Another issue which may have occurred to some readers is that of infinity. I said that the partial model would actually occur many times within a given complete consistent candidate model. It actually seems worse than this: there is no limit on the maximum length of complete consistent candidate models and that means that there is scope for partial models being repeated infinitely within them. How do it would we resolve this issue? At this stage I do not intend to. There is a simple solution to the issue of infinity which I will present later. For now we can treat the set of complete consistent candidate models as if it were a vast set of incredibly long models rather than actually being an infinite set of every possible models. We can pretend that we are dealing with a very large number of models - in effect, that we are dealing with all complete consistent candidate models up to a certain very large length - a length potentially long enough to allow huge repetition of arbitrary sequences of symbols, but not necessarily infinite.

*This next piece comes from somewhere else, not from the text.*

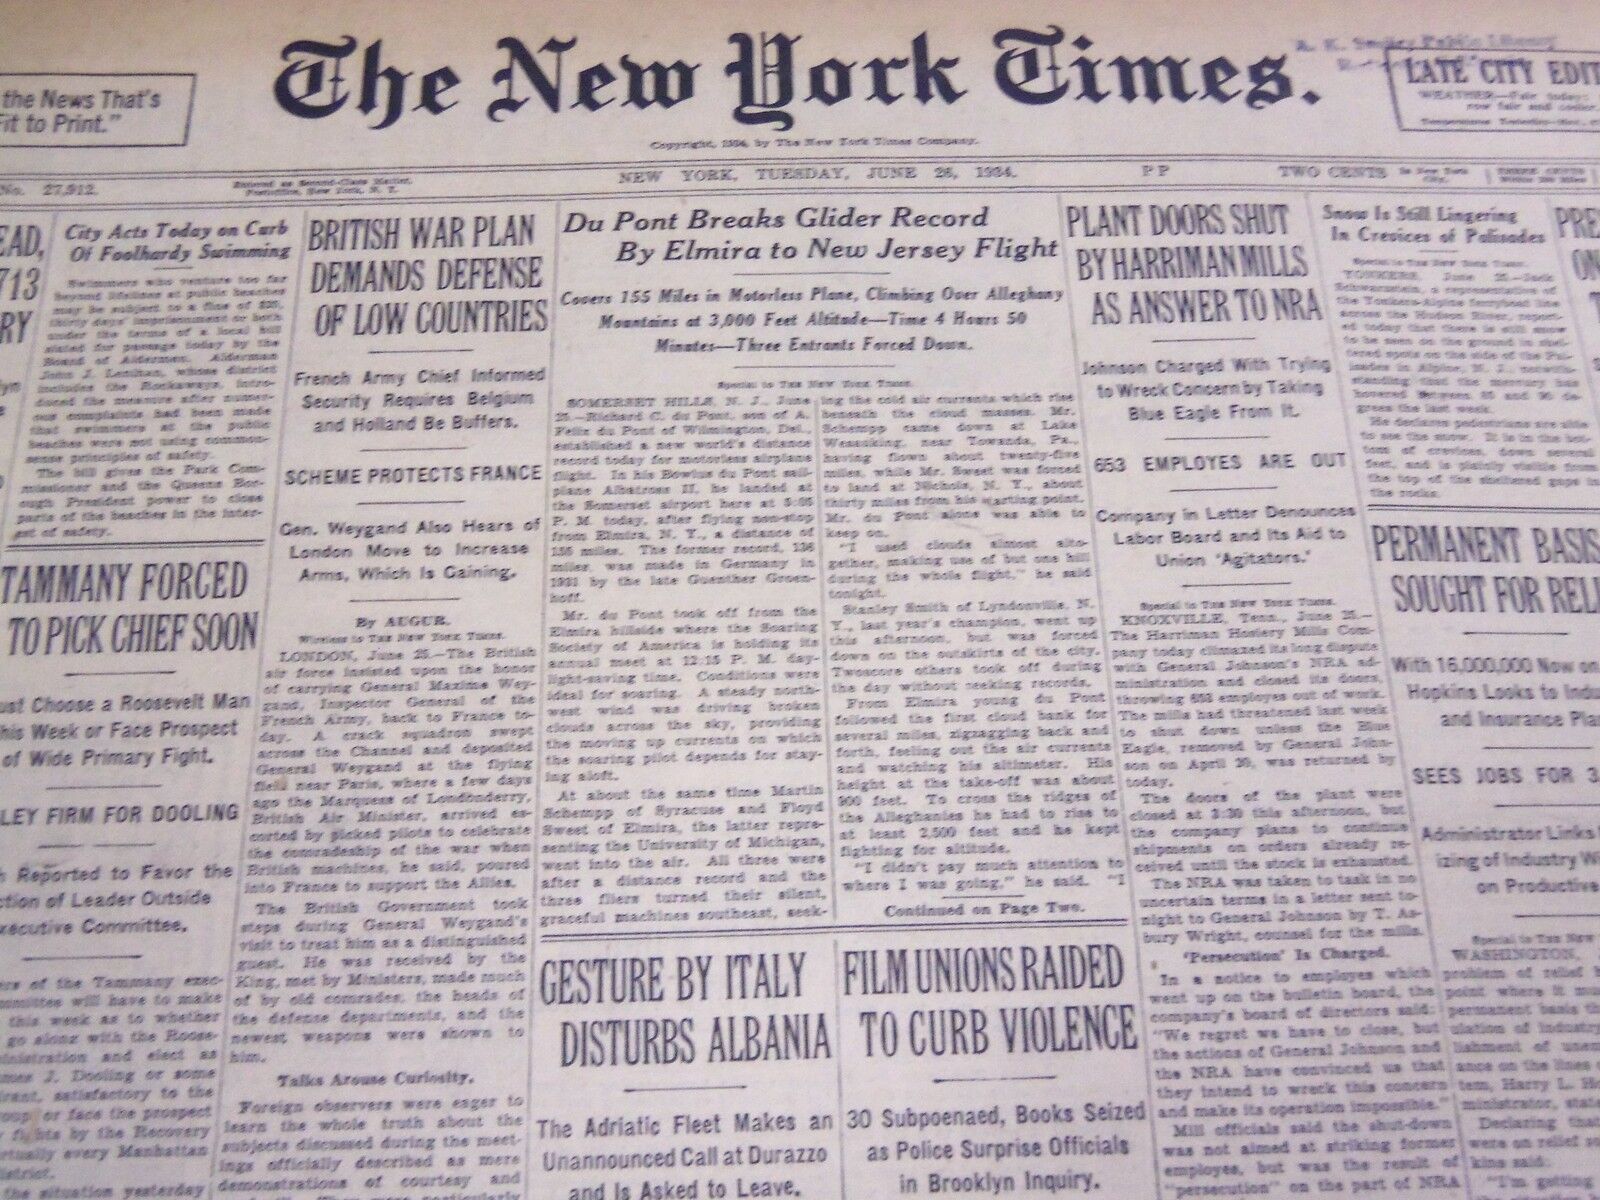 1934 JUNE 26 NEW YORK TIMES - DU PONT BREAKS GLIDER RECORD - NT 4210

The second problem with such a "copy and paste" view of the relationship between partial and complete models is that the behaviour of an algorithm is dependent on all of the code within that algorithm and, ignoring a small number of contrived special cases, knowing just some of the code in the algorithm does not tell you what the behaviour of the algorithm will be, because the behaviour depends on the code that you know and the rest of the algorithm that you do not know.

Would it help to get a partial model with a longer algorithmic description, so that we would know a greater part of any complete consistent model of which it was a part? A problem here is that we are dealing with the set of all possible complete consistent models. There is no limit on the lengths of the model descriptions in this set and any partial model that we could obtain could only be a tiny fraction of the size of most complete consistent models, so it is hard to see how it could help much.

It would not help - no matter how long a partial model's algorithmic description is. Algorithms are generally unstable and the influence that a part of an algorithm can have on the whole algorithm is nothing to do with the length of that piece: an algorithm with a billion commands could have its behaviour drastically altered by alteration of a single command. This means that, unless we know all of an algorithm, then no matter how much we do know, we cannot know how that algorithm will behave.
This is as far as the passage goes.